DATA FOR ANALYSIS:
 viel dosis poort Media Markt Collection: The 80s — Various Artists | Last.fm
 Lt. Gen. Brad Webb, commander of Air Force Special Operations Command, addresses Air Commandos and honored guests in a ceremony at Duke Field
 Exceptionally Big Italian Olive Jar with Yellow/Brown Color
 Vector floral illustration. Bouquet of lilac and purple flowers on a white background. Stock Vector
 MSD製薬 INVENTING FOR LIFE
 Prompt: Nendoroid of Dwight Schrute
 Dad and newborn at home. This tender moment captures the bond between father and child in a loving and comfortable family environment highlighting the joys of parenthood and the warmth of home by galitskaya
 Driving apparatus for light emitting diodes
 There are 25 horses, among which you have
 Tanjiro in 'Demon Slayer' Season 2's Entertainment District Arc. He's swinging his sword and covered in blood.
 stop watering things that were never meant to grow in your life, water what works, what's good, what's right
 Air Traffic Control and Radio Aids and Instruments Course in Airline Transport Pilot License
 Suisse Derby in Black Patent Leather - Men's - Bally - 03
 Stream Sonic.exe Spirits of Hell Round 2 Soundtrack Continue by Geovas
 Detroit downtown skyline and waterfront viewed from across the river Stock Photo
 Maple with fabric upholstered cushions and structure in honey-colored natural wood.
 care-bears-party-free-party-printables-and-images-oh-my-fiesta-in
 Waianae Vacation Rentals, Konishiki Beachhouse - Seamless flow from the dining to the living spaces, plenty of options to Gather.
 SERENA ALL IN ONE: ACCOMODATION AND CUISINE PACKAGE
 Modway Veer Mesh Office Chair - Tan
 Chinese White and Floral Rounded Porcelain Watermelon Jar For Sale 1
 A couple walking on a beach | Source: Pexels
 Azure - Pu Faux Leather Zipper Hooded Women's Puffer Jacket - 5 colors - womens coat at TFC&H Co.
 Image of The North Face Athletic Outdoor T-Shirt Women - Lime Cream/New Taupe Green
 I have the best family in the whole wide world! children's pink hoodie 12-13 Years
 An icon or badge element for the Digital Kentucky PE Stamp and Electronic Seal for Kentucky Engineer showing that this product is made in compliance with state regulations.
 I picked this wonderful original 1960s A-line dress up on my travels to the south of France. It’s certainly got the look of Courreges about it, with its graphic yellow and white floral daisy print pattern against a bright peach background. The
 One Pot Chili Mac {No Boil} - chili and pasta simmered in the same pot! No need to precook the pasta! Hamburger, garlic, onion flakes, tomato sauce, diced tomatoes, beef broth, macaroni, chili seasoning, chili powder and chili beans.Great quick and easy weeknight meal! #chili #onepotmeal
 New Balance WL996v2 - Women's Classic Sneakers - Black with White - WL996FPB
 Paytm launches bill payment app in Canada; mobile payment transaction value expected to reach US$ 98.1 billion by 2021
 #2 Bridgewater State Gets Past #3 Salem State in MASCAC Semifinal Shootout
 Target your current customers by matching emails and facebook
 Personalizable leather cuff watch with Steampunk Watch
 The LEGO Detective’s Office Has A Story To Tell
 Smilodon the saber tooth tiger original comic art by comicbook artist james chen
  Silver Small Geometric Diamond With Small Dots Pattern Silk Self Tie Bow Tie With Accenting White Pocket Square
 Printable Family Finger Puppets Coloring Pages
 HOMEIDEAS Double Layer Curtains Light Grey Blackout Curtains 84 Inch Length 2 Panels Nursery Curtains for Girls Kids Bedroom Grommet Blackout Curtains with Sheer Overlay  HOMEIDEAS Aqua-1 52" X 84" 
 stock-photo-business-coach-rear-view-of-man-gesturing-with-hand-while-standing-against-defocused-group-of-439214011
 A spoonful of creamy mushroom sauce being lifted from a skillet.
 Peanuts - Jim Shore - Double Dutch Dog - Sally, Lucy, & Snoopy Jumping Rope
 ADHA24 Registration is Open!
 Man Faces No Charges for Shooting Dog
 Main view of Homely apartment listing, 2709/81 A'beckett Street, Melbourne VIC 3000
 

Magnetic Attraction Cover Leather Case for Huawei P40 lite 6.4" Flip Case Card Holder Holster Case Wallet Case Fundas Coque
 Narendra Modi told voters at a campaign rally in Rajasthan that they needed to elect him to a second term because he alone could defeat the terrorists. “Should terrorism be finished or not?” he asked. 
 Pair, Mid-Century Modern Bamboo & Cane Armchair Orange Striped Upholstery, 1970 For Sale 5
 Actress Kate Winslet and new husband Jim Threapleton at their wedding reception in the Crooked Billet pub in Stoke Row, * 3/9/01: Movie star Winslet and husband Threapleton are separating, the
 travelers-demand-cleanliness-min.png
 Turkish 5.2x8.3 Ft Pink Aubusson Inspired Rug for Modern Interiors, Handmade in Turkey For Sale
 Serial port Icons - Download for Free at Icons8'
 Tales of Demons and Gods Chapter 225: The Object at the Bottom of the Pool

HOW TO COMPLETE THIS TASK:
The range runs from the line above containing "Detroit downtown skyline" to the line containing "Waianae Vacation Rentals, Konishiki", inclusive. Restate those lines word for word and no others.

EXERCISE RESULT:
 Detroit downtown skyline and waterfront viewed from across the river Stock Photo
 Maple with fabric upholstered cushions and structure in honey-colored natural wood.
 care-bears-party-free-party-printables-and-images-oh-my-fiesta-in
 Waianae Vacation Rentals, Konishiki Beachhouse - Seamless flow from the dining to the living spaces, plenty of options to Gather.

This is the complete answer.